Glossary

ReLU

Also known as: rectified linear unit, rectifier

The rectified linear unit is the activation function

$$\mathrm{ReLU}(x) = \max(0, x) = \begin{cases} x & \text{if } x > 0 \\ 0 & \text{otherwise} \end{cases}$$

with derivative

$$\mathrm{ReLU}'(x) = \begin{cases} 1 & \text{if } x > 0 \\ 0 & \text{if } x < 0 \end{cases}$$

(the derivative at $x=0$ is undefined; in practice frameworks use 0).

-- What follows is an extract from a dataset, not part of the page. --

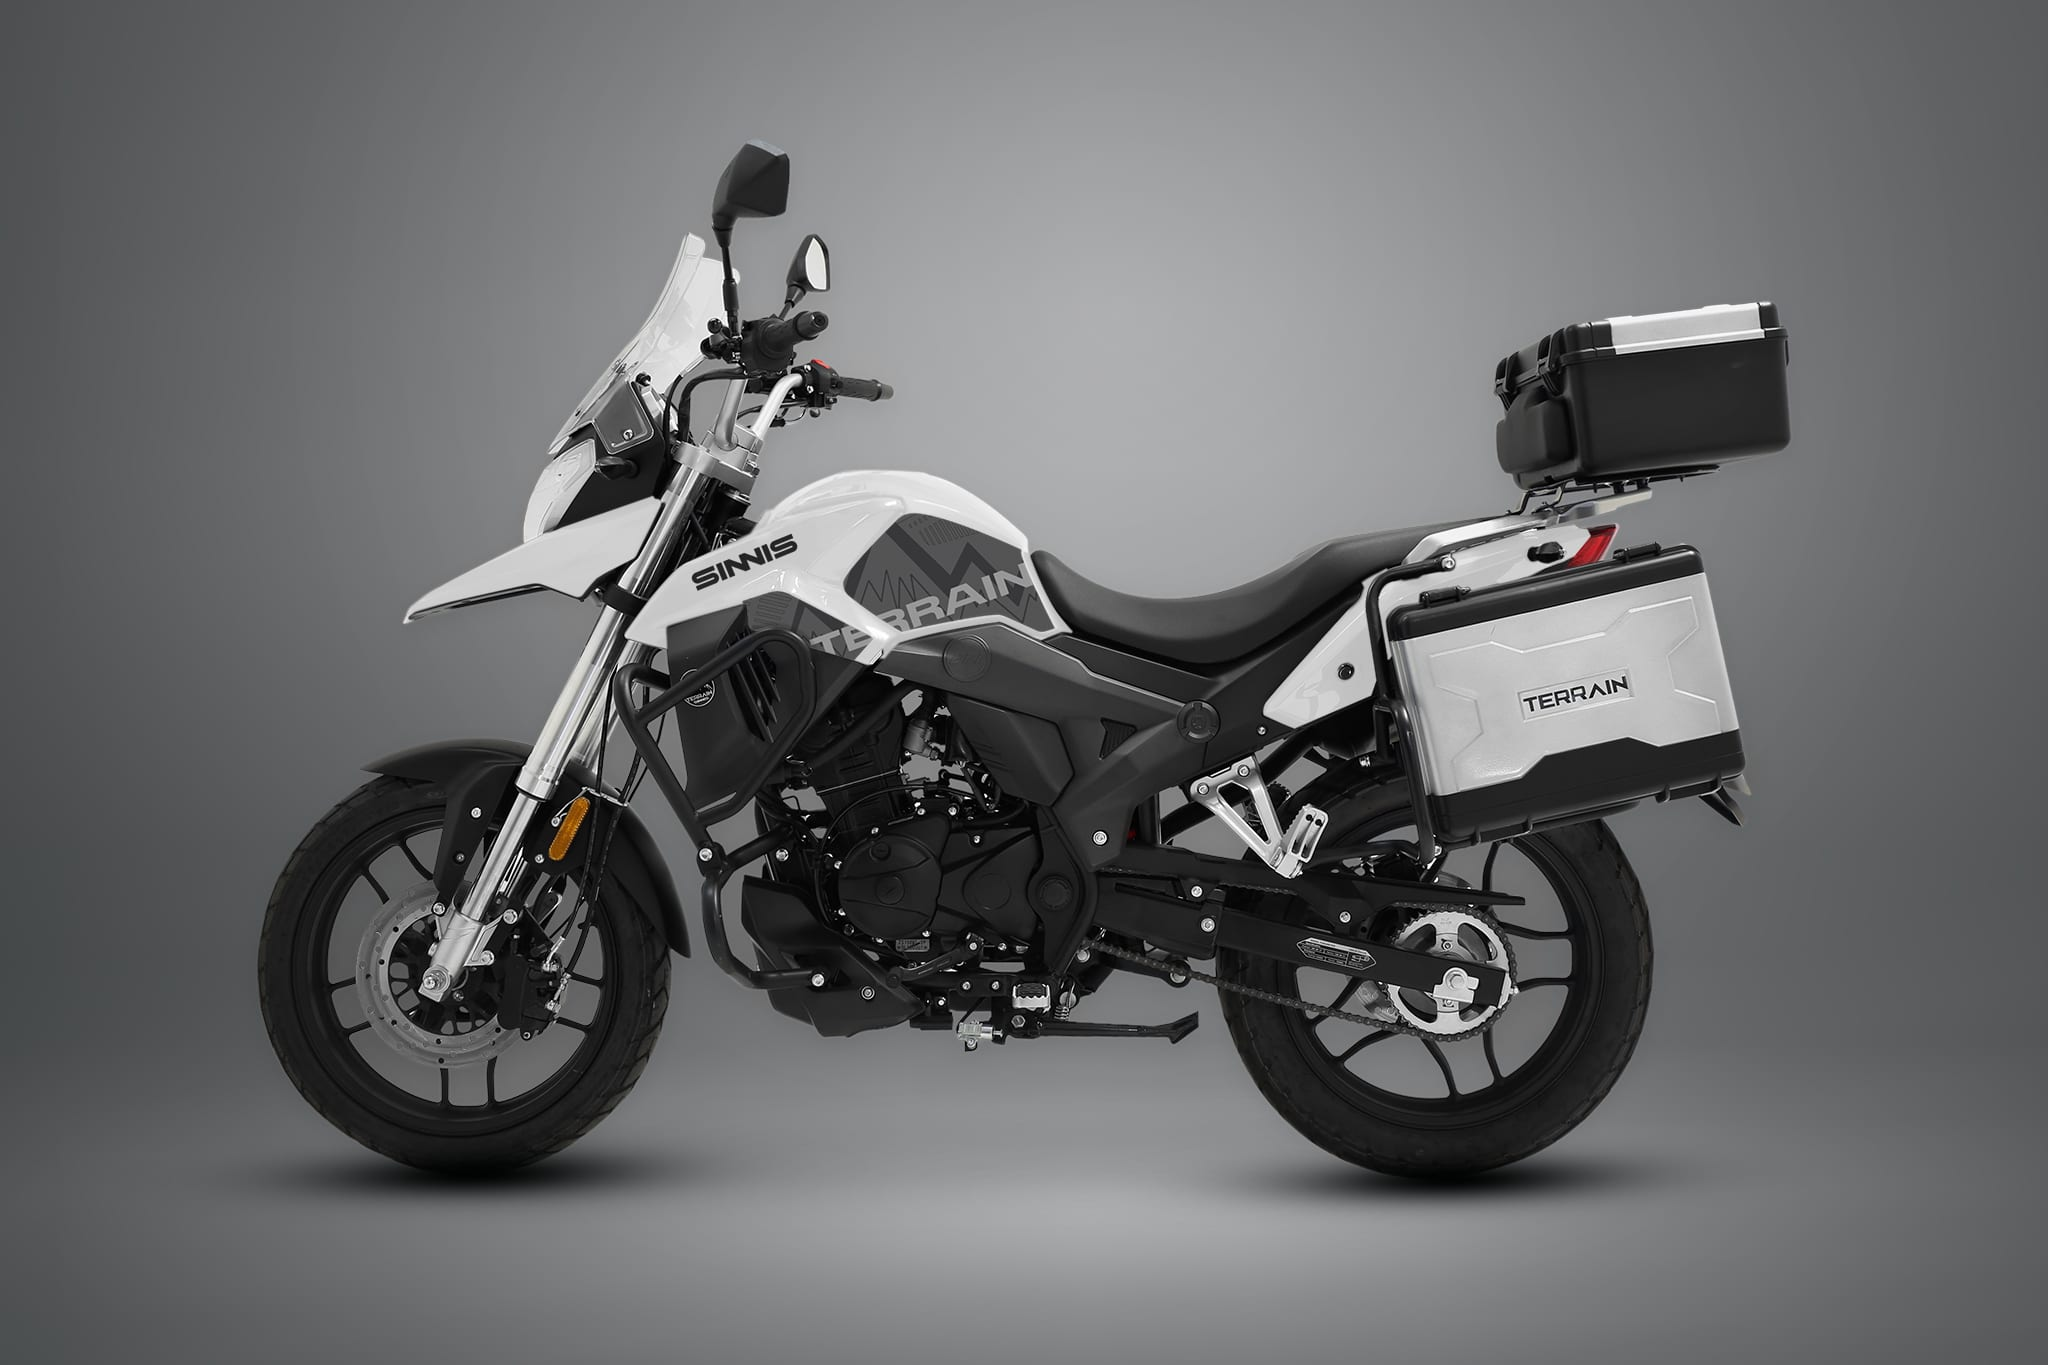 2021 Sinnis T125 Motorcycle arctic white

Introduced for neural networks by Hahnloser (2000) and popularised in deep learning by Nair and Hinton (2010), ReLU has been the default hidden-layer activation since the 2012 AlexNet result. It has three crucial advantages over sigmoid and tanh: non-saturating positive regime, gradients do not vanish for large positive inputs, so deep networks train without vanishing gradients; computational simplicity, a single comparison and possibly a sign flip; sparse activation, roughly half of units output zero on any given input, encouraging efficient representations.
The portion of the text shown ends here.